BMS faces simultaneous patent expirations including Revlimid (peak $12 billion, declining to projected $5-6 billion by 2026), Eliquis cardiovascular (peak $13 billion, US patent expires 2026), and Opdivo (peak $9 billion, gradual erosion through 2030+), totaling $20+ billion in revenue at risk over the next 5-7 years. The company's revenue replacement strategy includes recently launched Reblozyl (anemia), Camzyos (hypertrophic cardiomyopathy), Sotyktu (psoriasis), and Cobenfy (schizophrenia), plus advanced pipeline including Milvexian anticoagulant and various oncology combinations. Achieving $50+ billion total revenue by 2030 requires the new launches reaching $10-15 billion combined while patent-expired products lose only $20+ billion — a challenging mathematical execution that depends on commercial success of multiple new launches occurring during the patent cliff window.

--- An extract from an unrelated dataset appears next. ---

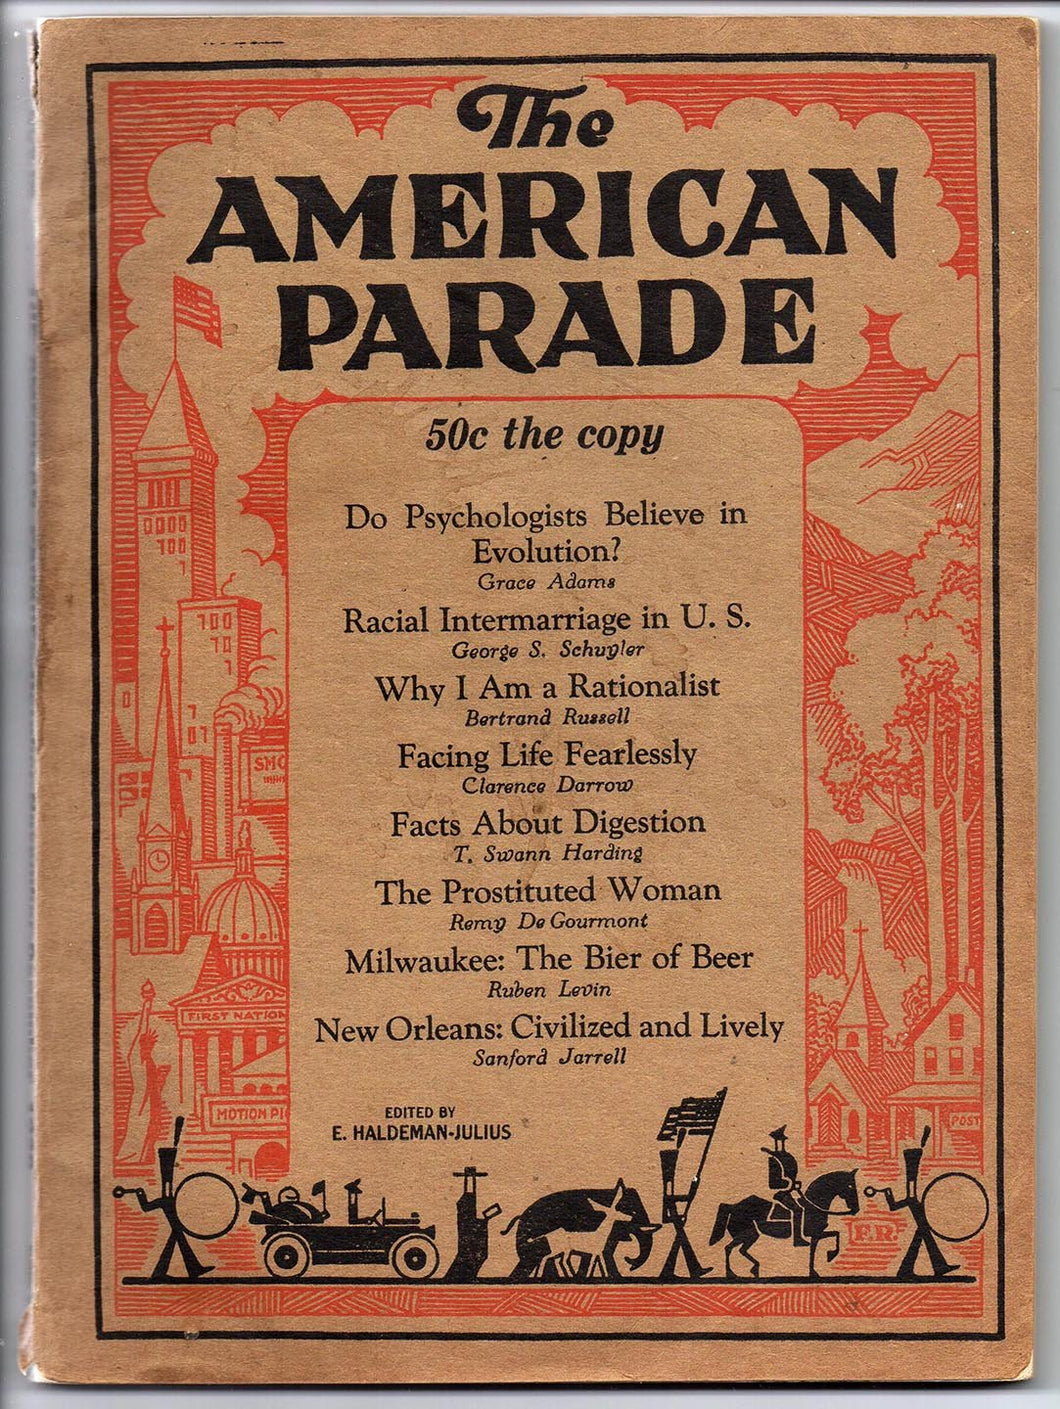 The American Parade Oct.-Dec. 1928

Plavix (clopidogrel), the antiplatelet drug co-marketed with Sanofi, was the second-best-selling prescription medicine in the world by the late 2000s and generated roughly $7.1 billion in BMS revenue in 2011, about 33% of BMS's total pharmaceutical sales that year. On May 17, 2012 the U.S. patent expired and generic clopidogrel from Mylan, Teva, Apotex, and others entered the market overnight, collapsing Plavix sales by about 96% within a single quarter and roughly $5 to $6 billion off BMS's annual revenue run-rate. CEO Lamberto Andreotti's response, the 'String of Pearls' strategy first articulated in 2007, accelerated: BMS had already spent roughly $11 billion between 2007 and 2012 acquiring Adnexus (2007, $430 million), Kosan Biosciences (2008, $190 million), Medarex (2009, $2.4 billion, the deal that brought in the future Opdivo molecule), ZymoGenetics (2010, $885 million), Inhibitex (2012, $2.5 billion), and Amylin Pharmaceuticals (2012, $5.3 billion). The Medarex deal in particular seeded the immuno-oncology pipeline that produced Yervoy (approved 2011) and Opdivo (approved 2014), drugs that more than replaced Plavix revenue by 2017. The cliff also drove BMS to divest its Mead Johnson nutrition business in 2009 and to exit consumer health products, completing its transition from diversified healthcare company to focused biopharma.